#### Material for the task ####

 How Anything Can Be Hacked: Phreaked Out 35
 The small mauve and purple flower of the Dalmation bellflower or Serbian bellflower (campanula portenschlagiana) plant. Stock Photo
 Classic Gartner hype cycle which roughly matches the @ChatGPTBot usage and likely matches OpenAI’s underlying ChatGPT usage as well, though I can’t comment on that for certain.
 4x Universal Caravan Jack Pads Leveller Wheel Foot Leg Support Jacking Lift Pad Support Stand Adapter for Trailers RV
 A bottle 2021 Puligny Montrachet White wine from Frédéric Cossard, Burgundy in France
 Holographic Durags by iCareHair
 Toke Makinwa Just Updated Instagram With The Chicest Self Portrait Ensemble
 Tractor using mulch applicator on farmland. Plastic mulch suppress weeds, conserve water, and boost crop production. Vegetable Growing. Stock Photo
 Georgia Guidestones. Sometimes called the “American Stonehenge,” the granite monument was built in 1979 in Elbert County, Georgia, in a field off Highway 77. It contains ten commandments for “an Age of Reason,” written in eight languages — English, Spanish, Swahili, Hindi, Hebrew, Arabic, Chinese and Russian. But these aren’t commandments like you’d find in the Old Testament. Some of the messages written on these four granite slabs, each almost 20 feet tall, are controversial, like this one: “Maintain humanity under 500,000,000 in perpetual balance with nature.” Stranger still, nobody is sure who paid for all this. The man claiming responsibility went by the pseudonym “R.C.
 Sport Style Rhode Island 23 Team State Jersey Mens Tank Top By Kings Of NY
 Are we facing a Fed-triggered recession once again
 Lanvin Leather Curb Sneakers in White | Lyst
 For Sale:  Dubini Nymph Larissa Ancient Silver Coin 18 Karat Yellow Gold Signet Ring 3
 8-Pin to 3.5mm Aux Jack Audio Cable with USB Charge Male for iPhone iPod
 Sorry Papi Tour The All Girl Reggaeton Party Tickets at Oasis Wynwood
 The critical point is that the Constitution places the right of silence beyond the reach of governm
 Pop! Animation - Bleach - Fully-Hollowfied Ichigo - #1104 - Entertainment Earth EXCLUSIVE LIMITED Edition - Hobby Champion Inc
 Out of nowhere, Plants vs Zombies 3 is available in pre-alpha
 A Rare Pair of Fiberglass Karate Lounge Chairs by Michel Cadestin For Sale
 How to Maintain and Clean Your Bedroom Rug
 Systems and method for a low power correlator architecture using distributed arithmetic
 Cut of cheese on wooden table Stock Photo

####

**Your goal**
Full transcription, please: every entry, exactly as written.

**Reply**
 How Anything Can Be Hacked: Phreaked Out 35
 The small mauve and purple flower of the Dalmation bellflower or Serbian bellflower (campanula portenschlagiana) plant. Stock Photo
 Classic Gartner hype cycle which roughly matches the @ChatGPTBot usage and likely matches OpenAI’s underlying ChatGPT usage as well, though I can’t comment on that for certain.
 4x Universal Caravan Jack Pads Leveller Wheel Foot Leg Support Jacking Lift Pad Support Stand Adapter for Trailers RV
 A bottle 2021 Puligny Montrachet White wine from Frédéric Cossard, Burgundy in France
 Holographic Durags by iCareHair
 Toke Makinwa Just Updated Instagram With The Chicest Self Portrait Ensemble
 Tractor using mulch applicator on farmland. Plastic mulch suppress weeds, conserve water, and boost crop production. Vegetable Growing. Stock Photo
 Georgia Guidestones. Sometimes called the “American Stonehenge,” the granite monument was built in 1979 in Elbert County, Georgia, in a field off Highway 77. It contains ten commandments for “an Age of Reason,” written in eight languages — English, Spanish, Swahili, Hindi, Hebrew, Arabic, Chinese and Russian. But these aren’t commandments like you’d find in the Old Testament. Some of the messages written on these four granite slabs, each almost 20 feet tall, are controversial, like this one: “Maintain humanity under 500,000,000 in perpetual balance with nature.” Stranger still, nobody is sure who paid for all this. The man claiming responsibility went by the pseudonym “R.C.
 Sport Style Rhode Island 23 Team State Jersey Mens Tank Top By Kings Of NY
 Are we facing a Fed-triggered recession once again
 Lanvin Leather Curb Sneakers in White | Lyst
 For Sale:  Dubini Nymph Larissa Ancient Silver Coin 18 Karat Yellow Gold Signet Ring 3
 8-Pin to 3.5mm Aux Jack Audio Cable with USB Charge Male for iPhone iPod
 Sorry Papi Tour The All Girl Reggaeton Party Tickets at Oasis Wynwood
 The critical point is that the Constitution places the right of silence beyond the reach of governm
 Pop! Animation - Bleach - Fully-Hollowfied Ichigo - #1104 - Entertainment Earth EXCLUSIVE LIMITED Edition - Hobby Champion Inc
 Out of nowhere, Plants vs Zombies 3 is available in pre-alpha
 A Rare Pair of Fiberglass Karate Lounge Chairs by Michel Cadestin For Sale
 How to Maintain and Clean Your Bedroom Rug
 Systems and method for a low power correlator architecture using distributed arithmetic
 Cut of cheese on wooden table Stock Photo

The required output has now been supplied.